The actually offering price should be finalized soon.
“The principal purposes of this offering are to increase our capitalization and financial flexibility and create a public market for our Class A common stock,” the company said, adding, “we cannot specify with certainty all of the particular uses for the net proceeds we receive from this offering. However, we currently intend to use the net proceeds we receive from this offering for general corporate purposes.”
WWD was first to report in June that Allbirds had filed confidentially for an IPO — and since then the next generation’s move toward Wall Street has only intensified with recent offerings from Warby Parker Inc. to beauty standout Olaplex and jewelry company Brilliant Earth Group.
Allbirds’ IPO will let everyday investors get on board, but it won’t let them have very much of a say in how the company operates.
After the offering, the holders of the company’s Class B shares will continue to control 98.5 percent of the voting rights. That means the company’s co-chief executive officers and cofounders Joey Zwillinger and Tim Brown and the existing backers that helped them build the business will remain at the helm. Together, Zwillinger and Brown control 22 percent of the company’s voting power.
Allbirds said it’s control with a purpose, though, and that the dual class structure “is designed to allow for a thoughtful calibration of long-term objectives with short-term demands.”

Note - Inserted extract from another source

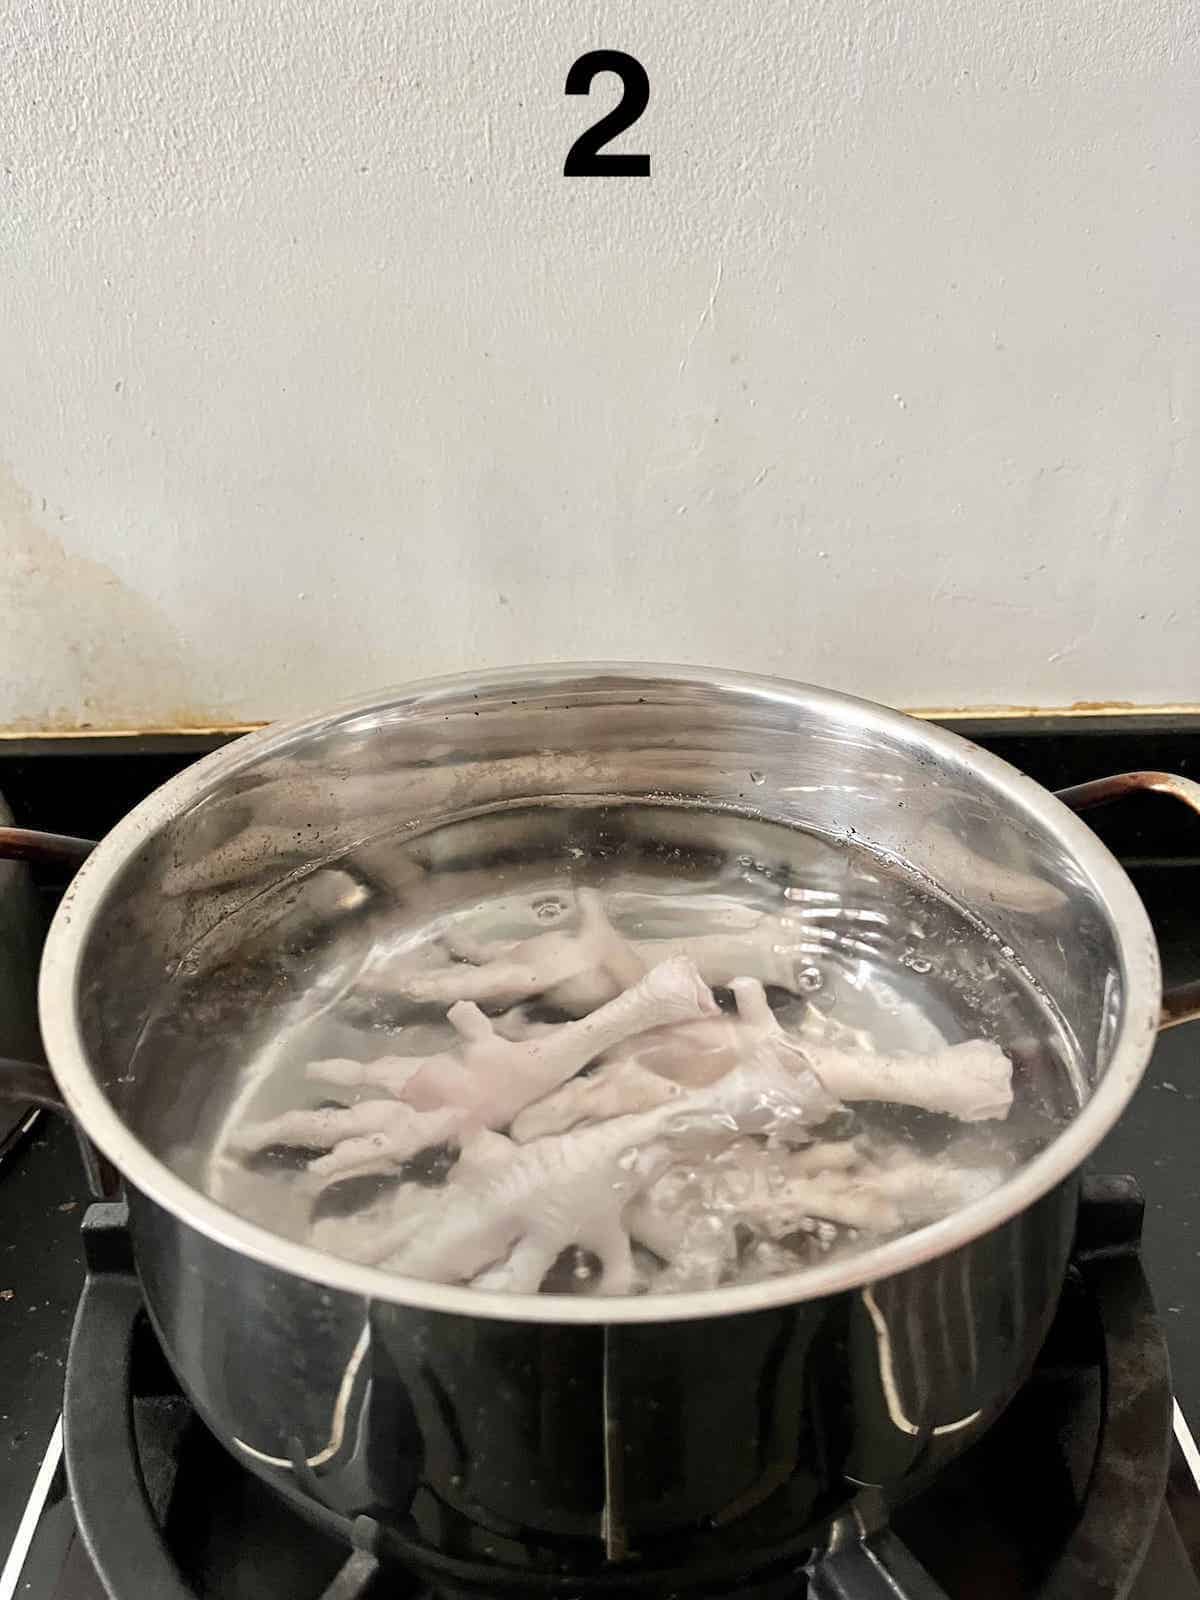 A pot of chicken feet being blanched in cold water.
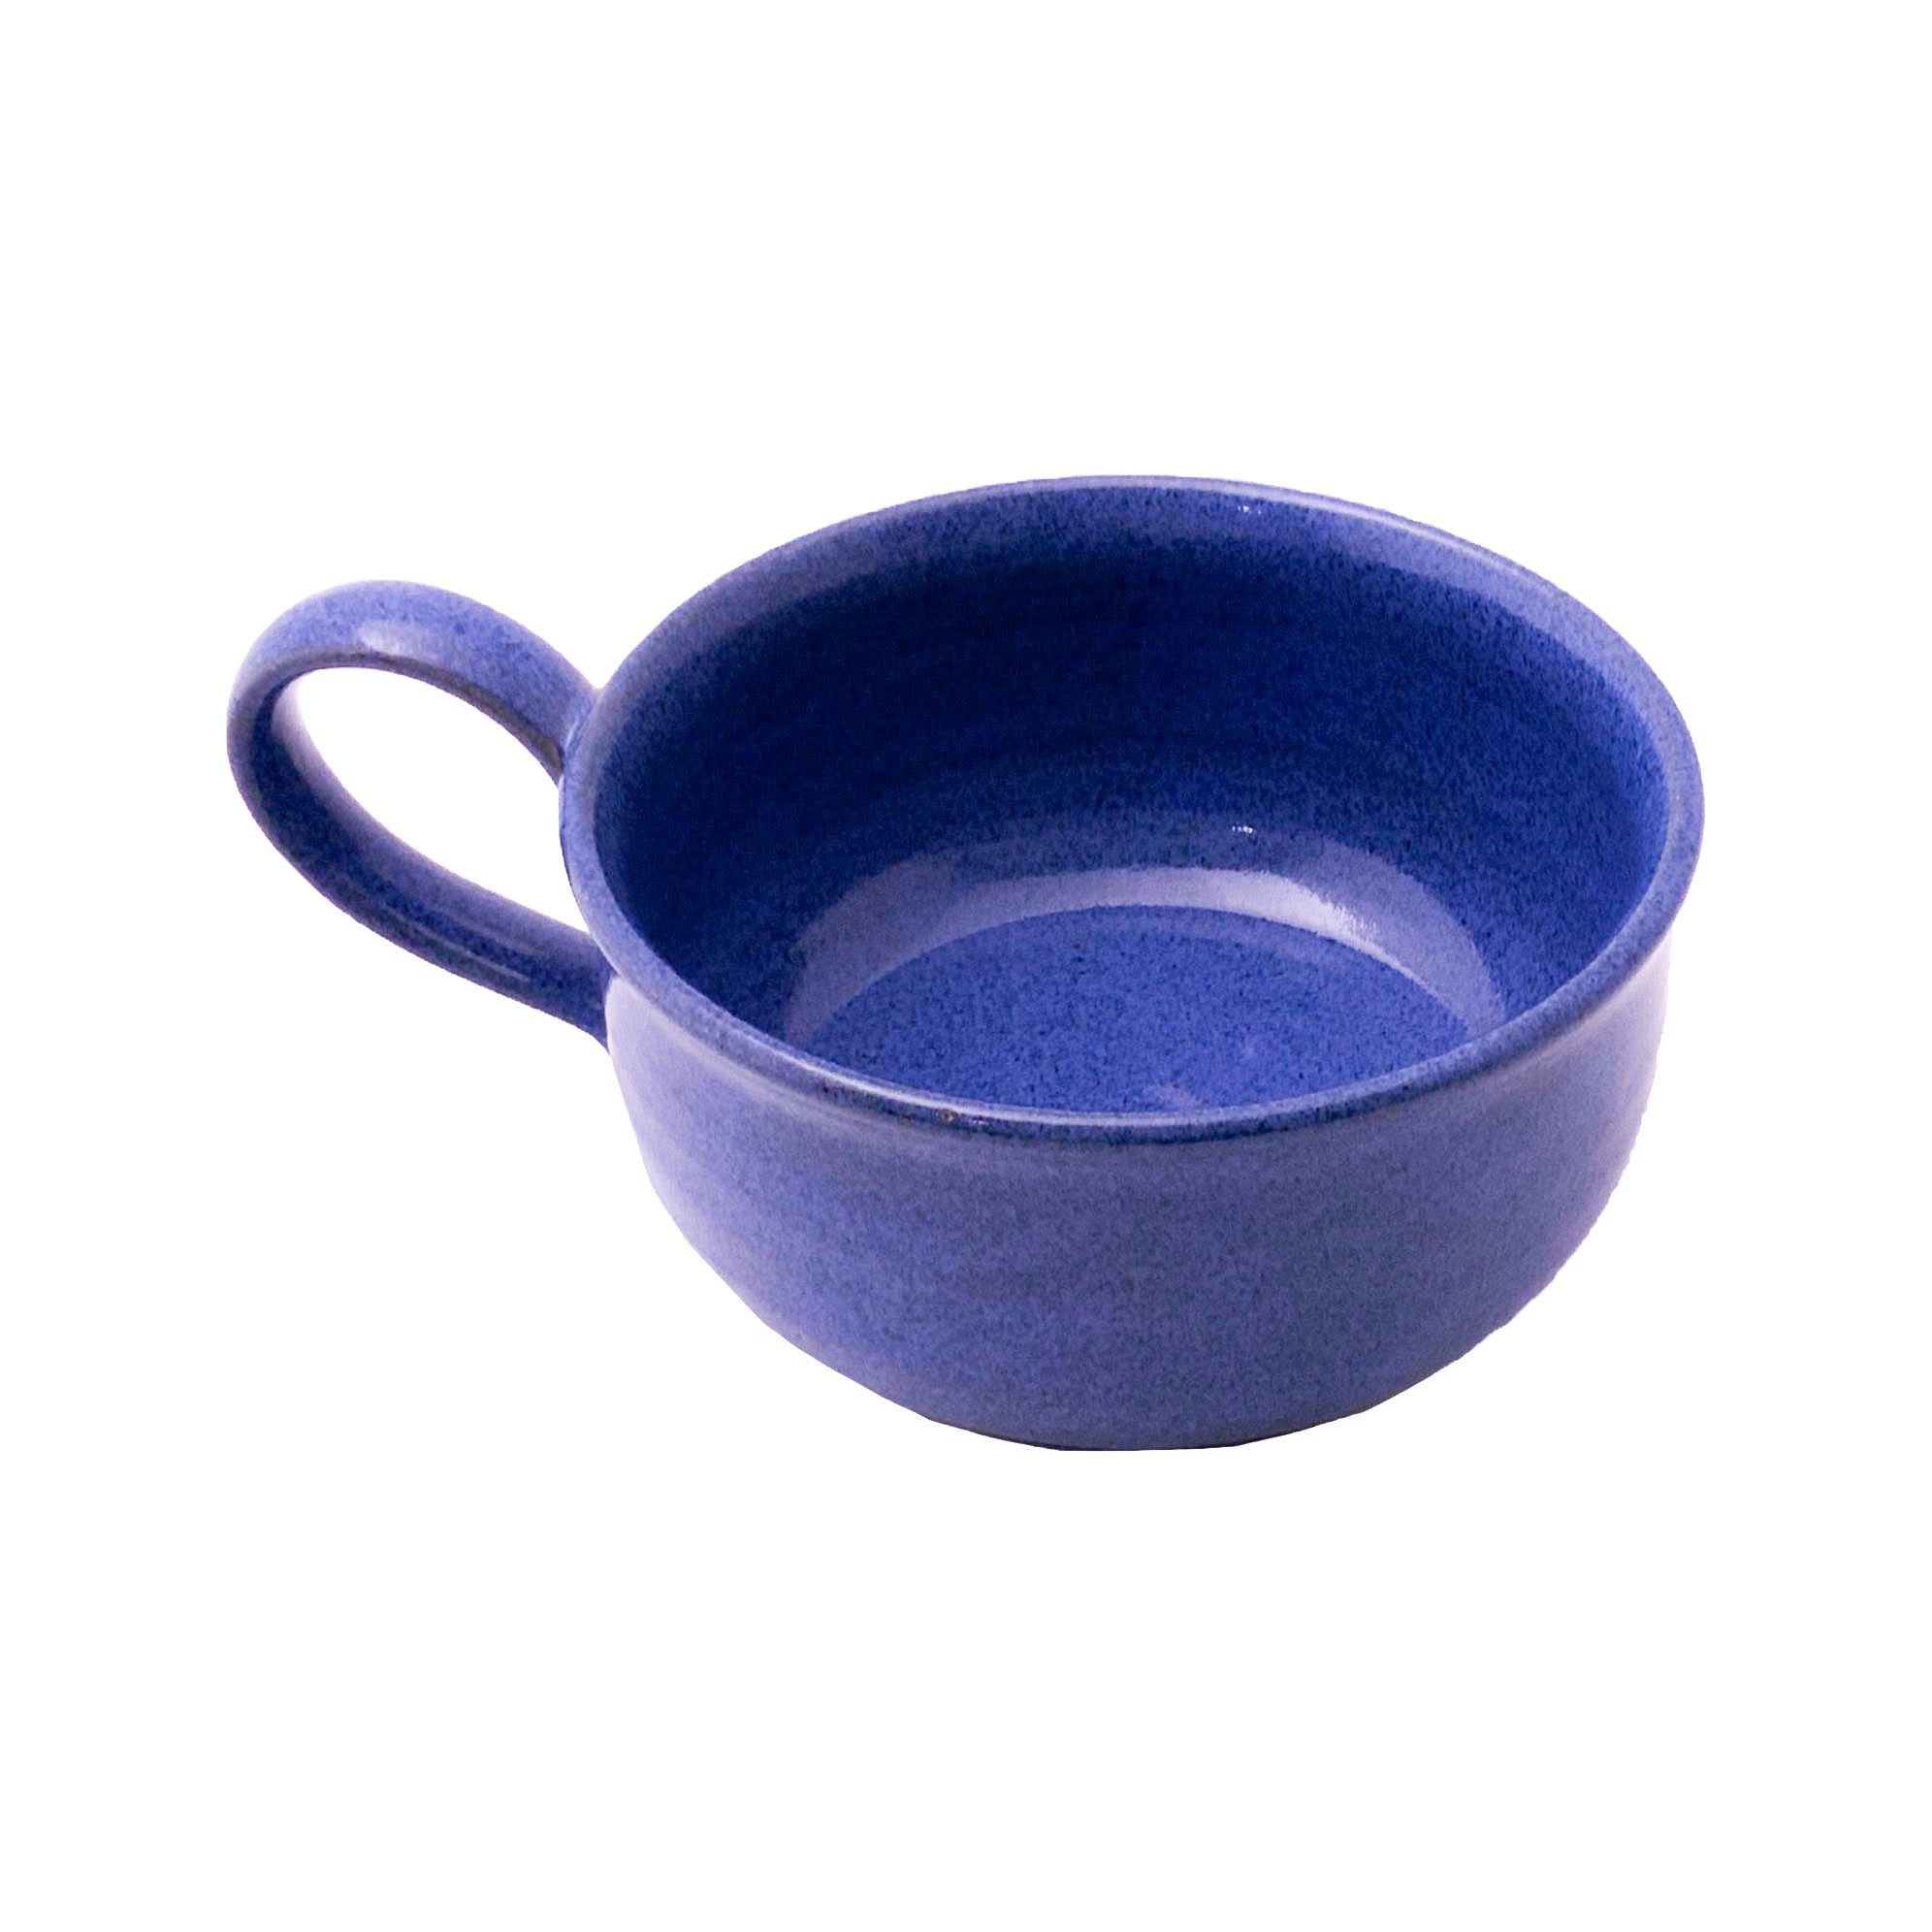 DARK PERIWINKLE SOUP BOWL WITH HANDLE

“When our founders established Allbirds, they set out to create a purpose-native company built upon a system that leverages nature in a responsible way — every aspect of our company is woven together with this mission, fueling a thriving financial business,” the company said. “While many businesses see tension between profit and purpose, we see opportunity. We became a public benefit corporation…in 2016, codifying how we take into account the impact our actions have on all of our stakeholders, including the environment, our flock of employees, communities, consumers and investors. The more sustainable we are, the better we believe our products and business will be. We are proud of the alignment of financial and environmental benefits from our work, and that we are able to serve as a driving force in a new age of sustainable enterprise.”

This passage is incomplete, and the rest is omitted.